I sat down in a leather chair. The shock had caught up with me, the “No,” and I wanted to sit for a moment. I looked at the room with the leather and all the good, polished wood. I wondered what he meant by being strapped.
“I’m not the boss here, Gallivan. I’m a little helper. And the way it is now, broke too.”
He shrugged and came back to the couch. He let himself fall into it and rubbed his face.
“You want another cigarette?” he asked.
“Thanks, yes. And thanks, anyway.”
He lit his and mine and said, “What are your plans?”
“Distance,” I said. “A lot of distance.”
“Sure. That’s good.”
“Jessie might stake me. She mentioned something.”
“Oh?”
“Damn white of her.
After everything — ”
“How much?”
“Fifty, she said.”
“You want distance, Gallivan?”
I had nothing to answer.
“I might make it on fifty,” he said, “but not you.”
“Why not me?”
“You got no connections.” Then he said, “How were you planning this?”
“Just go.” Then I laughed, not for the humor, but because nothing else came to me. “After I find out where I am.”
“I can help you with that. You’re maybe three hundred miles south of Chicago, and …”
“I’m not going to Chicago.”
“Three hundred isn’t much distance, you mean.”
“Without connections, it’s no distance at all. I’m going to hit south.
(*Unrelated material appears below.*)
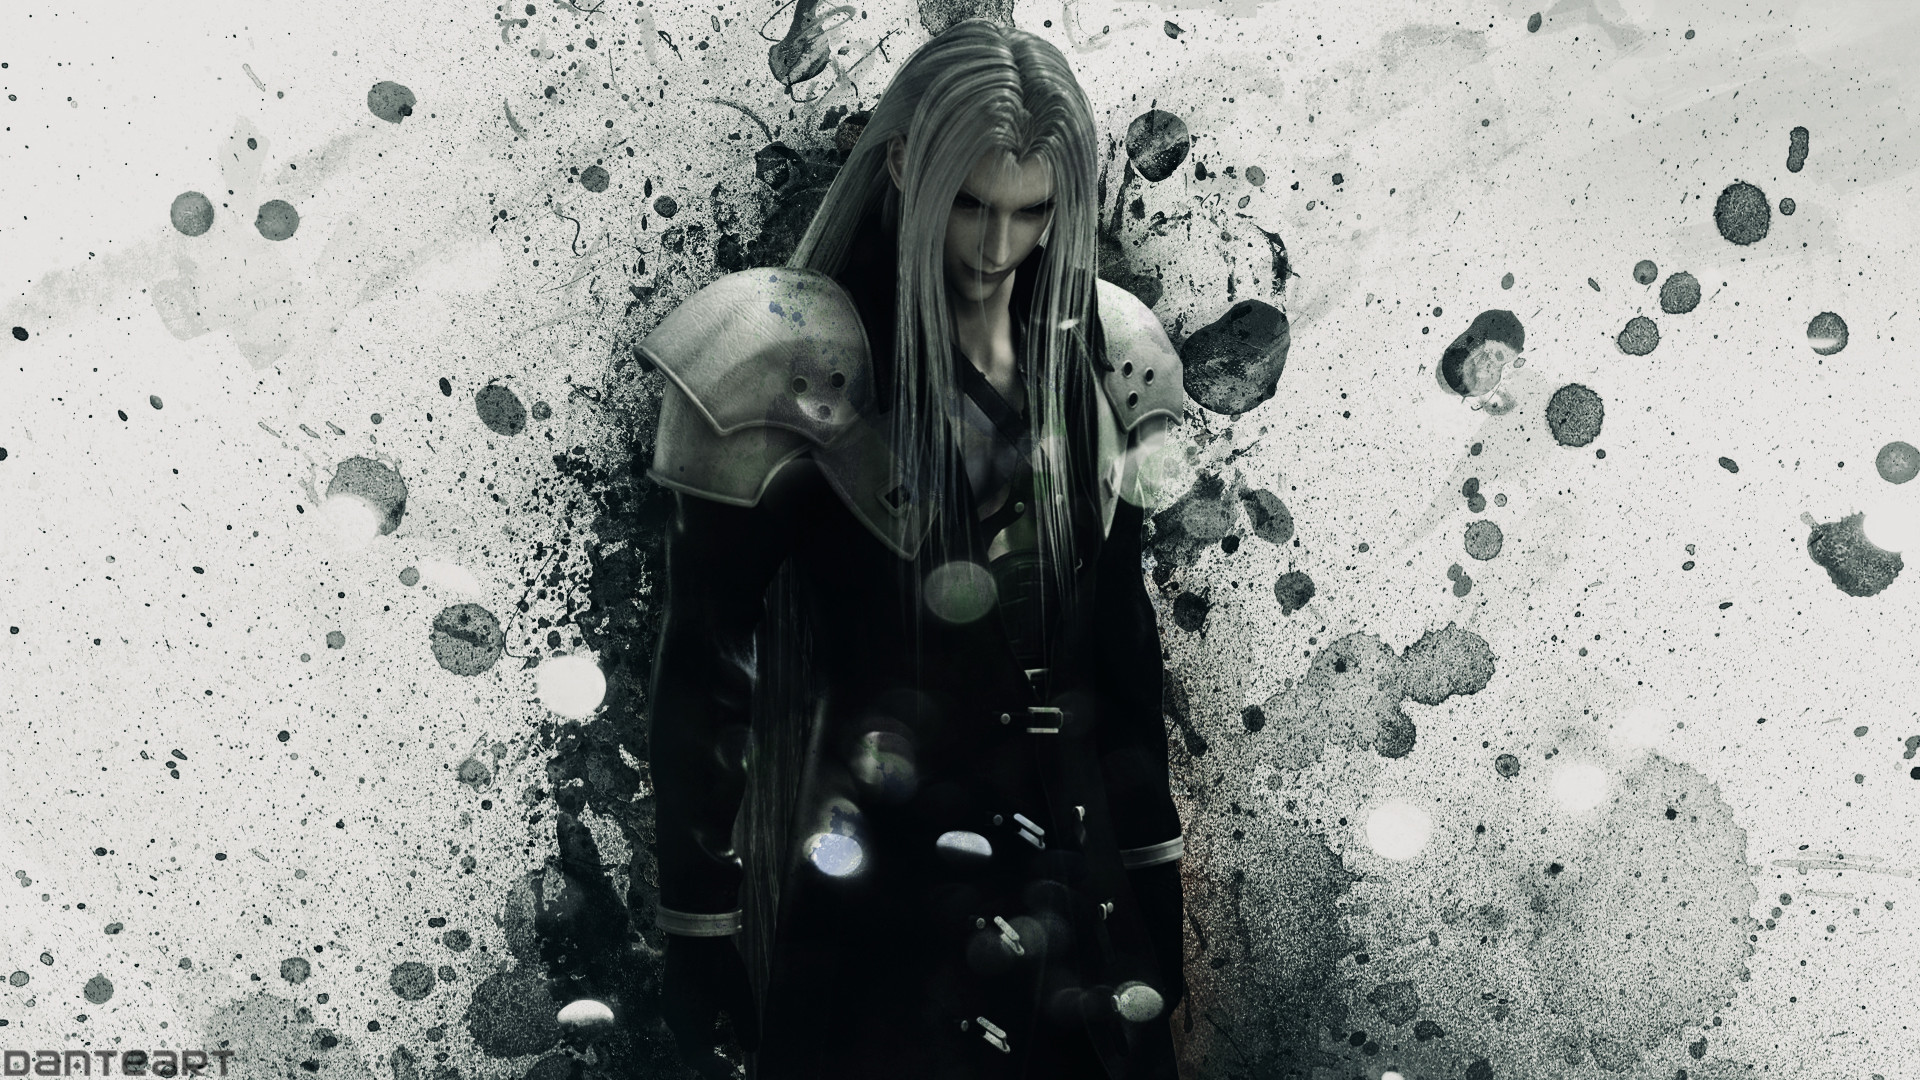 1920x1080 Crisis Core Final Fantasy VII Sephiroth Wallpaper by 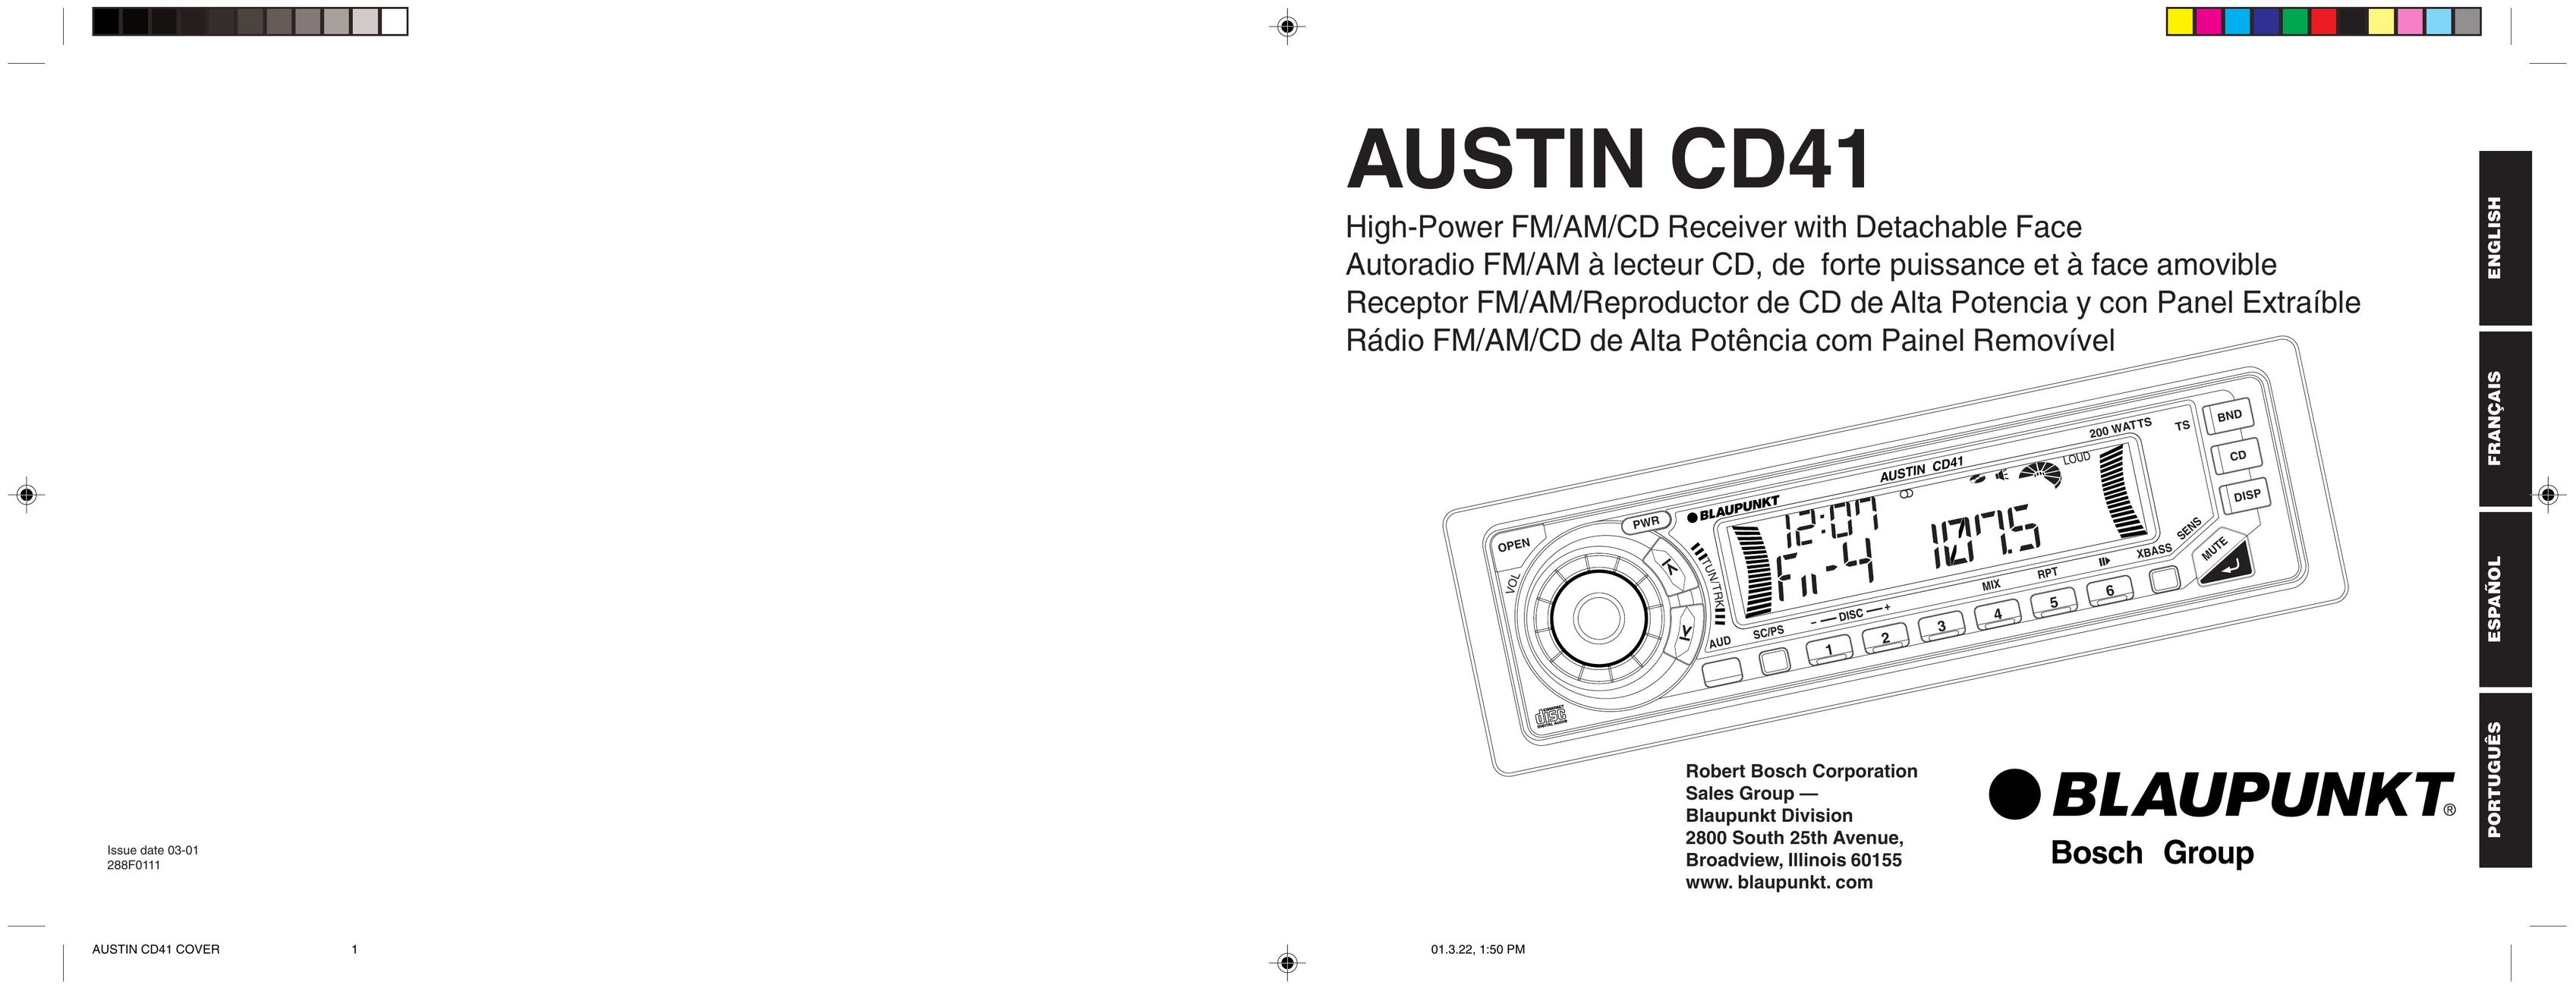 Blaupunkt AUSTIN CD41 Car Stereo System User Manual

All the way south, into Mexico.”
“With half a C-note.”
“I can bum on less.”
“You know what that’ll mean, Gallivan? You’ll be flopping in all the places where the bulls are going to look. You’re going to ride rods where the bulls watch it, hitchhike where the bulls don’t like it, you’re going to look for hand-outs, day jobs, hide-outs, on the oldest circuit in the books of the bulls, the bums’ route.”
“Maybe,” I said, “it wouldn’t have been much different if I had left the pen after full time.”
“You got a point,” he said. “I know.”
I put the cigarette out, slapped my hands down on my legs, got up.
“Well. Wish me luck.”
“You want the map?”
“Yuh. I’d like the map.”
“Next town is five miles from here,” he said and gave me the map. “Called Florian.”
“As long as it’s on here.”
“You’re not going to be any asset to me. You know that, Gallivan?”
He was leaning against the table, looking tired as before, but frowning more. I said, “You look worried.”
“I am.”
“About me and fifty bucks?”
“I never thought of this before,” he said, “what with everything, but they’re going to nab you awful close to home plate.”
“My home is …”
“My home plate. Here.”
We were back to the first time I had asked the question, why he was helping me. If I kept being a liability to him much longer, I thought, maybe he’ll buy me a through ticket way down to the far end of Cape Horn.
“Stay here a minute,” he said and left the room.